Executive Issues: Three Workplace Conflict Resolution Strategies
In an increasing global economy with an improving job market, it’s more important to keep your employees happy so they don’t jump ship. And one of the skills that will make that happiness a reality is proper conflict resolution, writes Jeffrey Krivis, adjunct professor of law at the Straus Institute for Conflict Resolution and author of “Improvisitational Negotiation: A Mediator’s Stories of Conflict About Love, Money, Anger -- and the Stratagies That Resolved Them.”
Following are a few of Krivis’ solutions for dealing with workplace conflicts:
* Let people tell their stories. One of the basic principles of mediation is that a person who’s deeply upset needs to get his story out, Krivis writes.
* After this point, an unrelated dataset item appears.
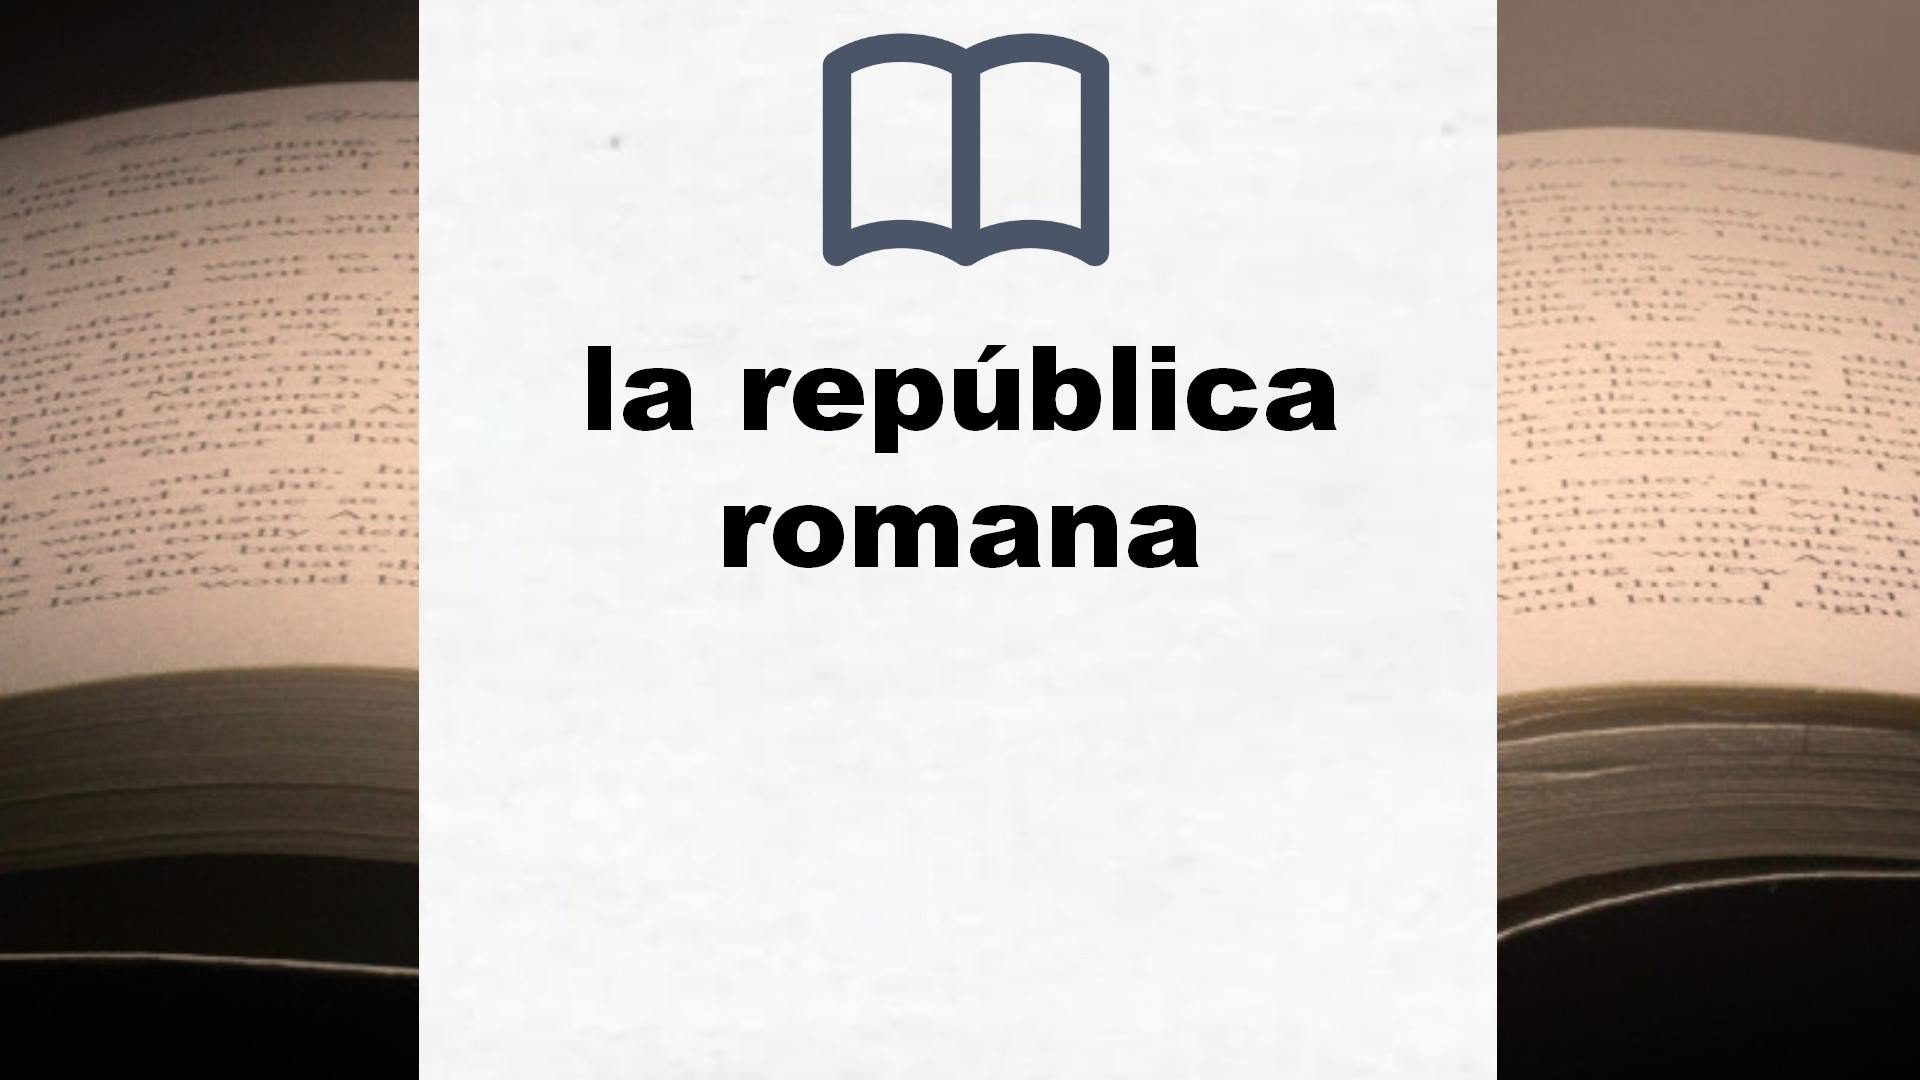 Libros sobre la república romana
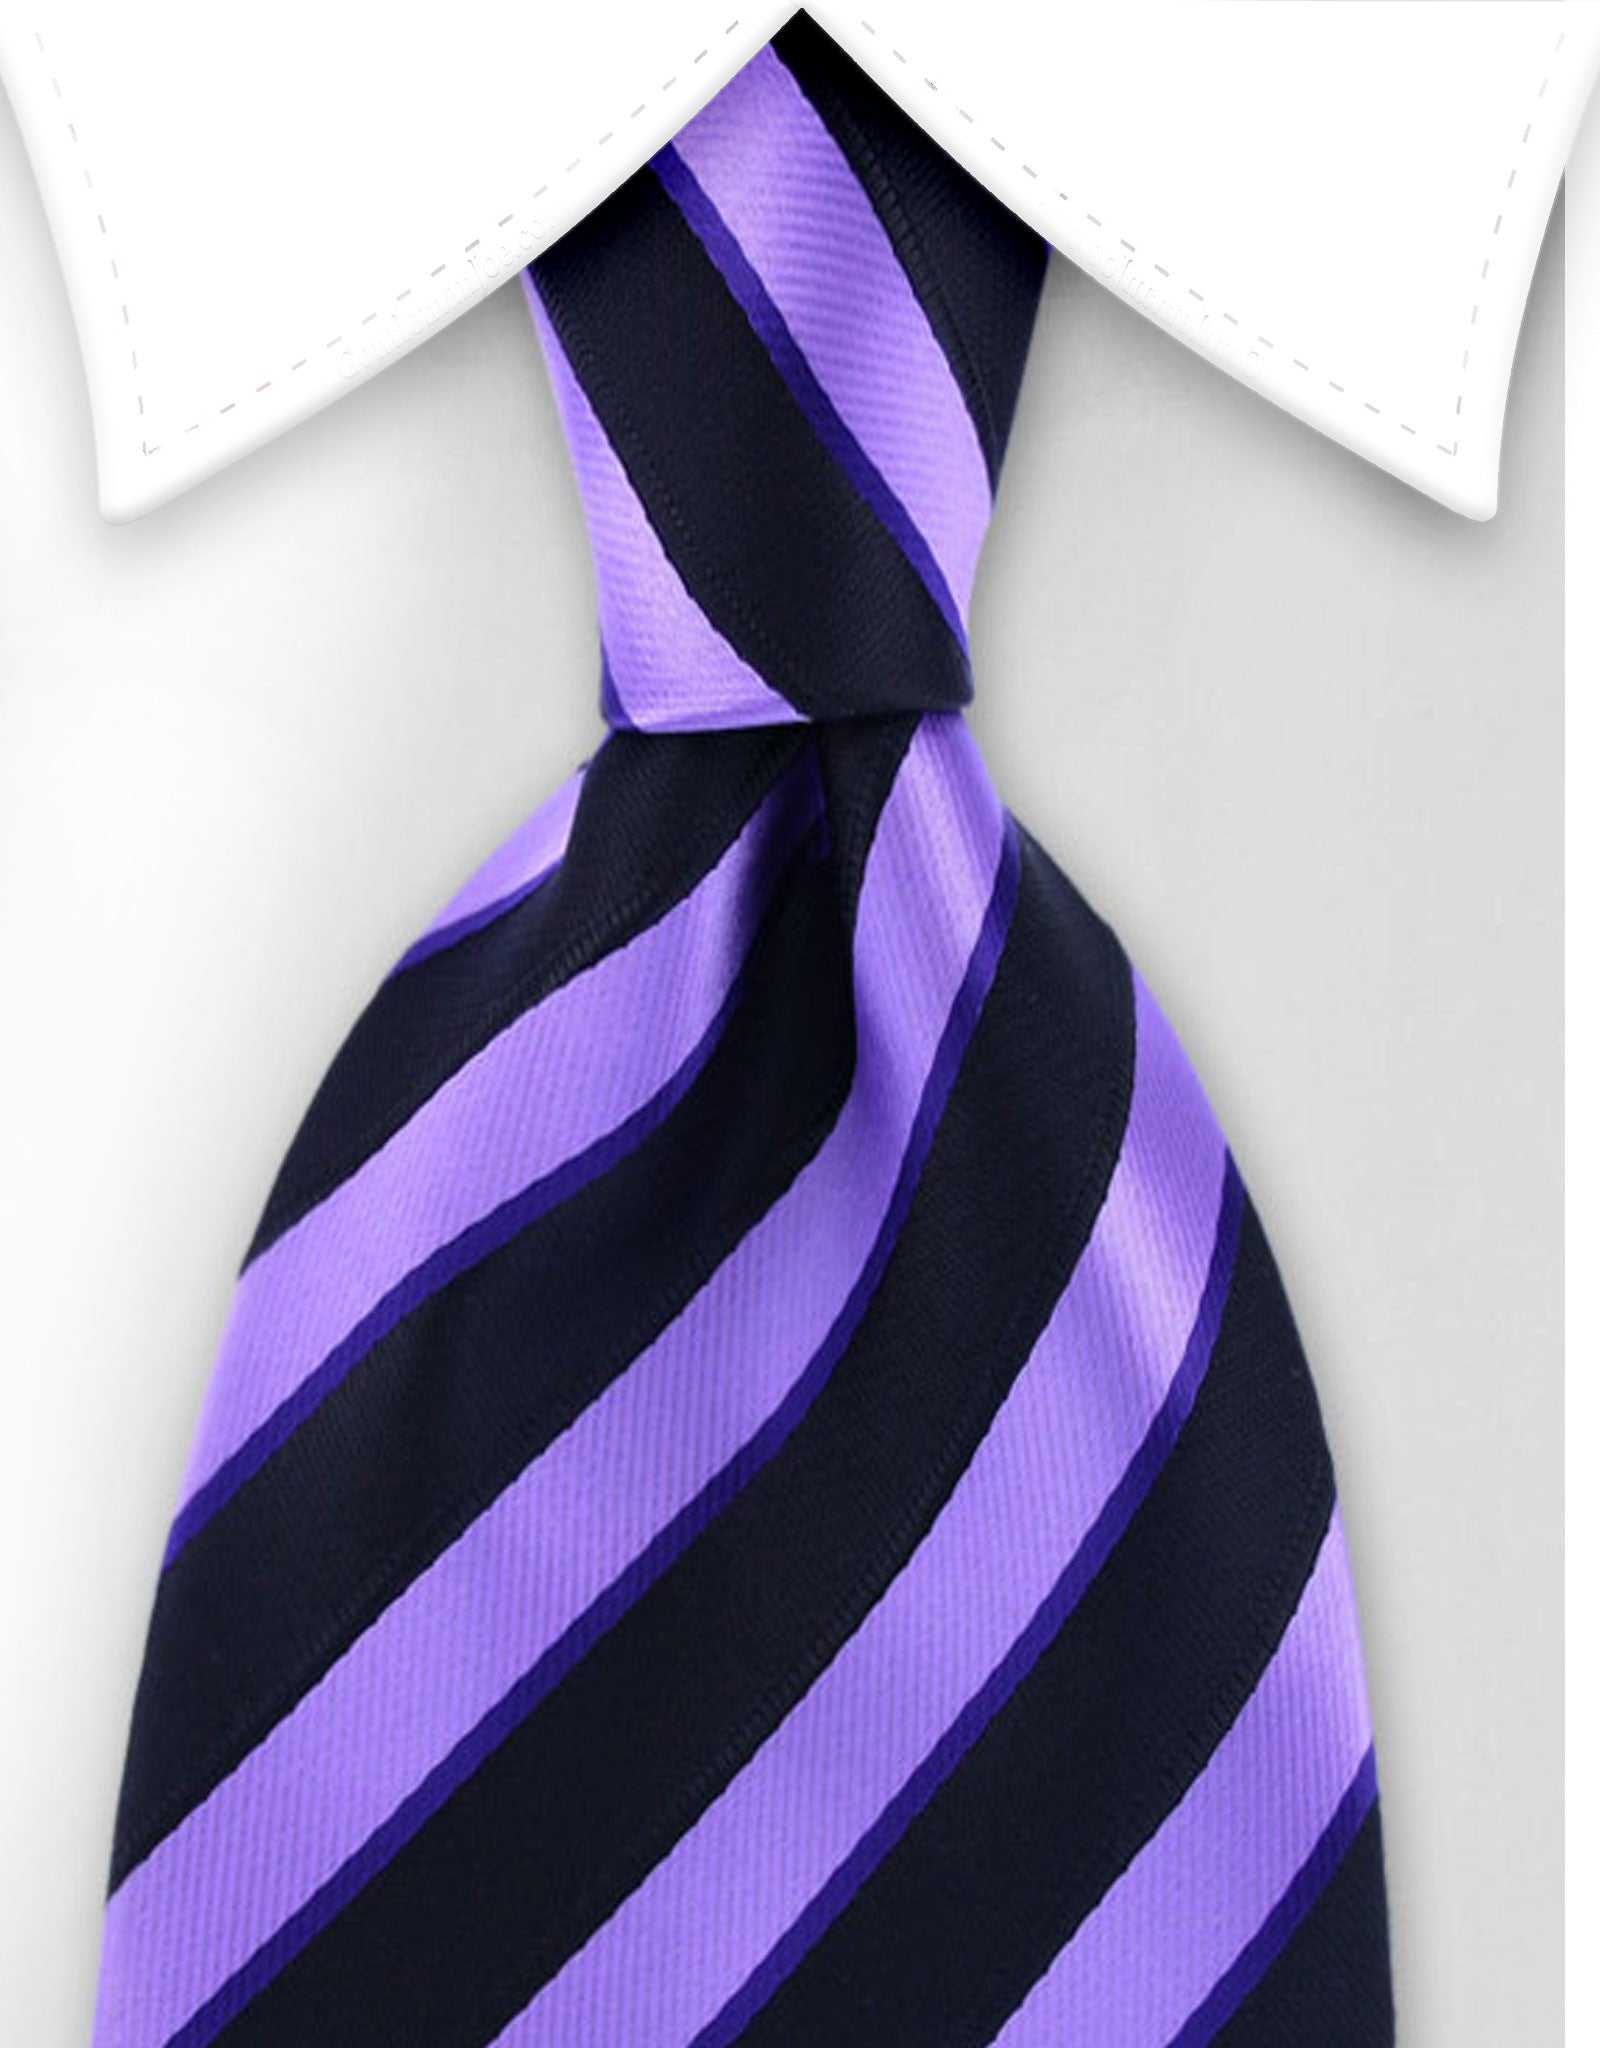 purple and black collegiate tie

Although allowing people to speak their minds often can increase the level of conflict, get through the high tension phase in order to reach a solution. When a person feels that he’s finally been heard, his outlook often can dramatically change. “Plus, as he tells his story, new information may come to light that allows a solution to naturally emerge,” Krivis notes.
* If someone refuses to budge, take the spotlight off them. Often in a multiparty conflict, there’s one person or party that refuses to compromise on every solution you present, Krivis points out. This person is holding out for what he or she really wants. When that happens, Krivis recommends taking attention off that party and focusing on solutions that don’t involve his or her input. You effectively isolate that party from the negotiation process and neutralize any perceived power, which can reverse opinions on compromise.
* Think creatively about ways people can cooperate rather than clash. “In every negotiation, there is a tension between the desire to compete and the desire to cooperate,” Krivis writes. Be on the lookout for signals that support a cooperative environment. How can each party help the other in a way that creates a meaningful solution? Many joint gains are born of conflict, he notes.